In 2021 Cristofaro was elected ordinary member of the Academia Europaea.

==Research==
Cristofaro is well known for her work on linguistic subordination; her 2003 monograph on the topic has been cited over a thousand times. In the volume, Cristofaro departs from traditional approaches by adopting a non-structural definition of subordination, characterized in terms of a cognitive asymmetry between two states of affairs; she also establishes a number of implicational hierarchies for subordination types.

Cristofaro's work takes a functionalist perspective on linguistic typology. Her more recent work has focused on the extent to which linguistic universals and typological generalizations can be explained diachronically, in terms of common patterns of language change such as grammaticalization.

==Selected publications==
- Cristofaro, Sonia. 2003. Subordination. Oxford: Oxford University Press.
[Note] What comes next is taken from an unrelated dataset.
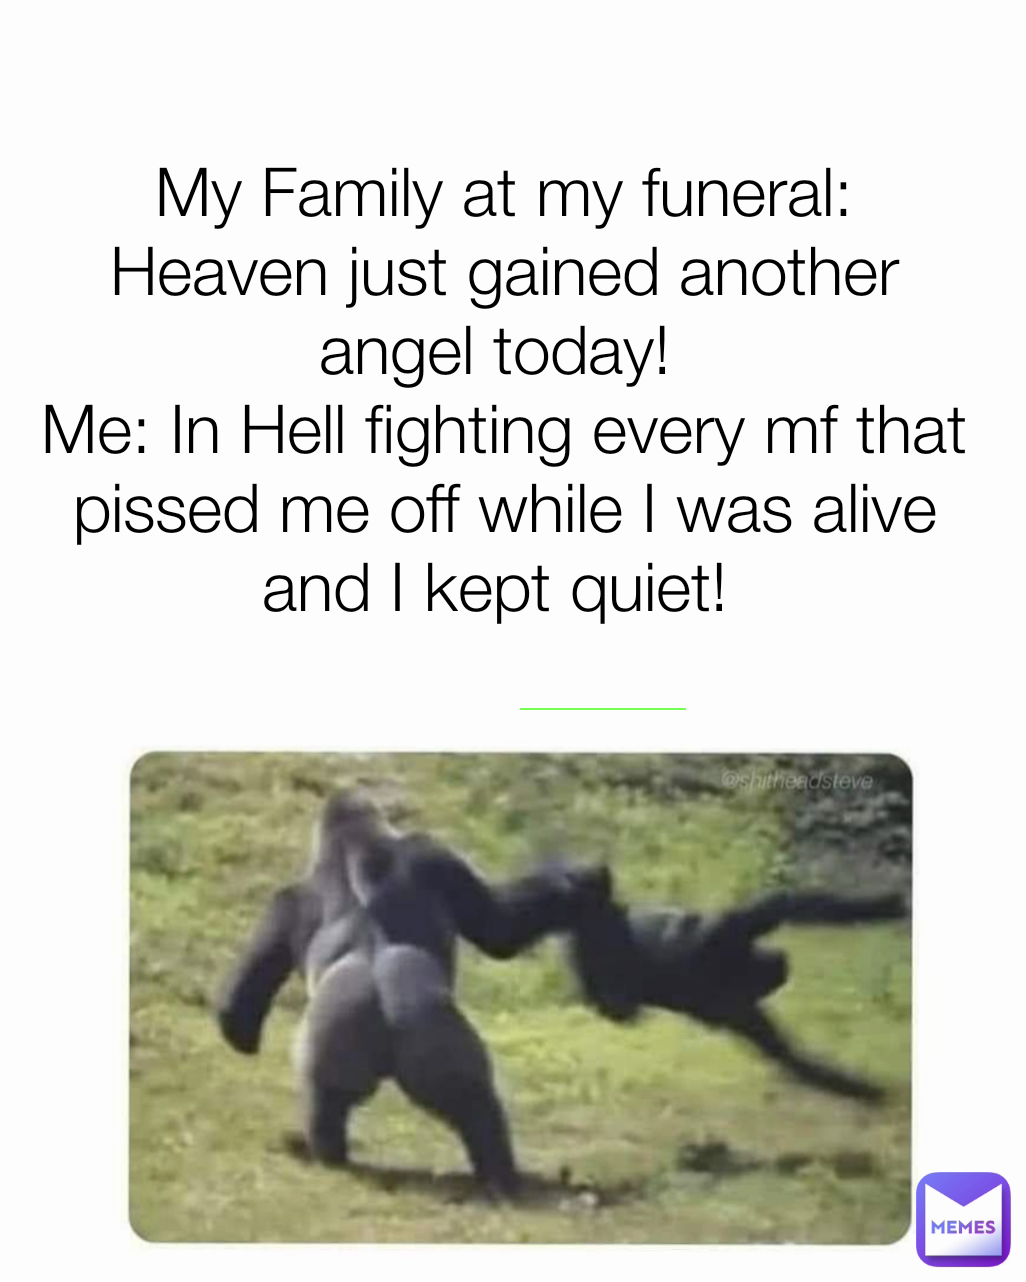 My Family at my funeral: Heaven just gained another angel today! 
Me: In Hell fighting every mf that pissed me off while I was alive and I kept quiet!

ISBN 9780199282005
- Cristofaro, Sonia. 2007. Deconstructing categories: Finiteness in a functional-typological perspective. In Irina Nikolaeva (ed.), Finiteness: Theoretical and Empirical Foundations, 91–114. Oxford: Oxford University Press. ISBN 9780199213733
- Cristofaro, Sonia. 2012. Descriptive notions vs. grammatical categories: Unrealized states of affairs and ‘irrealis’. Language Sciences 34 (2), 131–146.
- Cristofaro, Sonia. 2013. The referential hierarchy: reviewing the evidence in diachronic perspective. In Dik Bakker and Martin Haspelmath (eds.), Languages Across Boundaries: Studies in Memory of Anna Siewierska, 69–94. Berlin: Mouton de Gruyter.
- Cristofaro, Sonia. 2019. Taking diachronic evidence seriously: Result-oriented vs. source-oriented explanations of typological universals. In Karsten Schmidtke-Bode, Natalia Levshina, Susanne Maria Michaelis & Ilja A. Seržant (eds.), Explanation in typology: Diachronic sources, functional motivations and the nature of the evidence, 25–46. Berlin: Language Science Press.